During last night's podcast with Mark Stepneski, we spent a long time talking about the defensive issues the Stars have had this season and whether it's a result of the players or the system. While we all wanted Matt Niskanen and Trevor Daley to play up to their potential under Marc Crawford and Charlie Huddy's offensive-friendly system, the reality is that neither have produced anywhere near the amount of offense this team needs. The fact that both have been shaky on defense hasn't helped either.
Yet now the Stars are facing a serious issue with scoring balance among the forwards, and it could trigger a temporary philosophy change for Marc Crawford and his offensive schemes.
How the loss of Mike Ribeiro for a minimum of 19 games will ultimately affect the Dallas Stars remains to be seen. While you certainly don't want to bring up "luck" when discussing such a serious injury, there's no doubt that the Stars benefited from the timing of the injury; over half of Ribeiro's supposed recovery time will come during the Olympic break.
There's a chance that Ribeiro misses more than the 4-6 week window that is planned, yet right now it looks as if Ribeiro will return to the ice right after the Olympic Break, including an extra week to recover during the break.
The issue is that by the time the Stars get their #2 center back, the season could well be over.
Currently the Stars sit 4 points behind Los Angeles for the 8th position in the West. It is far from an impossible task for the Stars to not only keep pace with the playoff field while Ribeiro is out but to also gain ground, but is anyone convinced that this team can rely on goaltending and defense can carry them until Ribeiro returns?

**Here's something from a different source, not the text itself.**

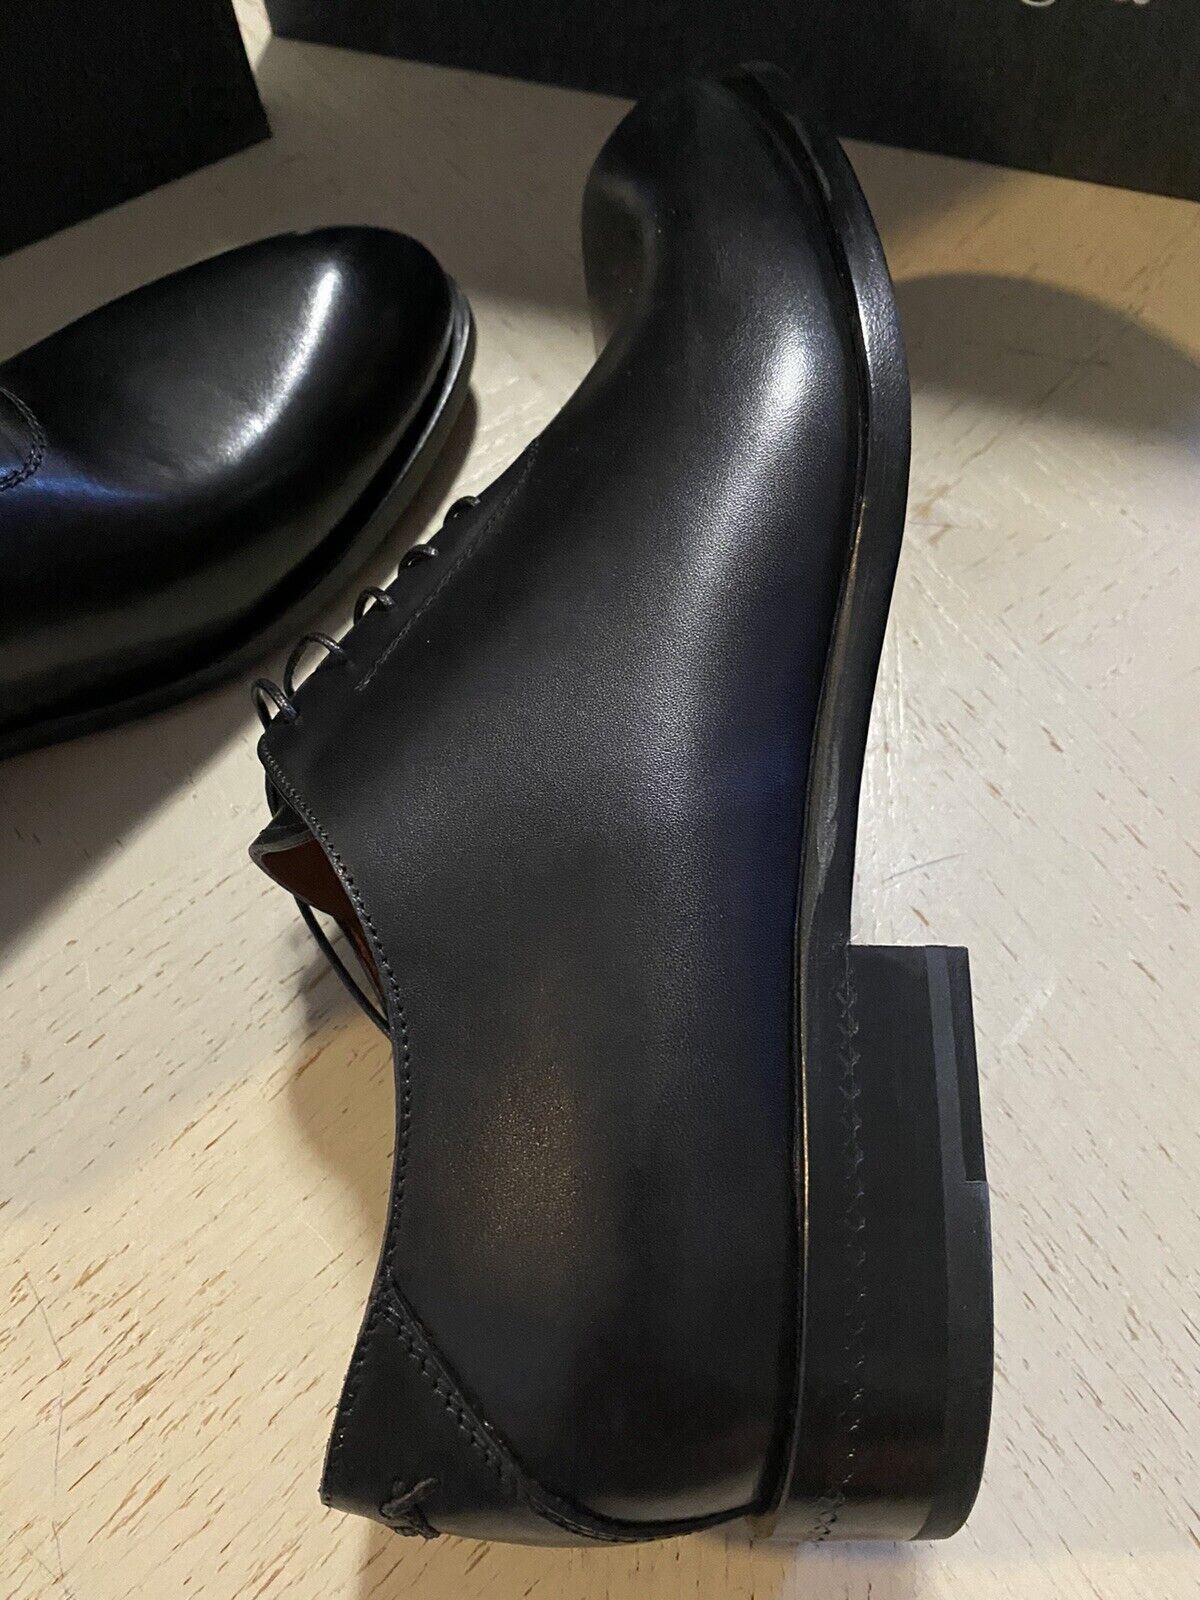 New $950 Ermenegildo Zegna Couture Oxford Leather Shoes Black 10 US Italy

On Sunday night, Marc Crawford put James Neal back on the top line with Brad Richards and suddenly the Stars became a one-line team. Neal, Eriksson and Richards represent the top three scorers on the Stars and it's not even contest when you take Ribeiro out of the equation.
Brenden Morrow is fourth among the forwards (excluding Ribeiro) with 27 points and after him there is a steep, steep dropoff for production from the Stars forwards. Jamie Benn has 21 points, Mike Modano has 15 and Steve Ott has 13, all in over 30 games played.
Yet it's the 12 points from Tom Wandell that is most concerning. With Marc Crawford returning Neal to the top line, Wandell is being asked to not only be the team's second center but to also be the catalyst for secondary scoring. While we are all impressed with Wandell's play lately, he does not have the experience nor the track record to show that he has the ability to produce at the level of a top-six center.
With the top line loaded up with the best offensive players, it's obvious that Crawford is hoping that a line that frequently dominates can continue to provide the majority of the team's offense while relying on the rest of the team to not fall apart defensively. If the game against Columbus was any indication, that plan is severely flawed.
The Stars were not only shutout, but were grossly outshot in the game. The Stars allowed 41 shots while barely mustering 25 themselves, and a good number of those came in a late-minute flurry.
With the Stars playing on the road, opposing coaches have the advantage of being able to get the last change, ensuring they get favorable matchups. Ken Hitchcock exploited this all game long. While James Neal was certainly electrifying at times, the top line produced no points and the rest of the Stars lineup was scrambling for a good part of the game.
So with Ribeiro out and the Stars struggling to find some way to get scoring from secondary sources, the questions becomes whether the Stars should continue to front load their lines or try and spread it out. There are certainly pros and cons to this (James Neal has yet to show he can consistently produce when not playing with Richards). If the Stars are unable to get goals from the top line, and the second and third lines are allowing a high number shots, then obviously something needs to change.
If Tom Wandell and even Mike Modano were able to spark any sort of production, then the question becomes moot. But as
What would you have the Stars do?
Should Crawford stick with the Brad Richards line that has been so succesful all season, hoping he can overwhelm the opposition?
Or should he spread the offense out, and rely on Tom Wandell and Mike Modano to try and spark the offense as well?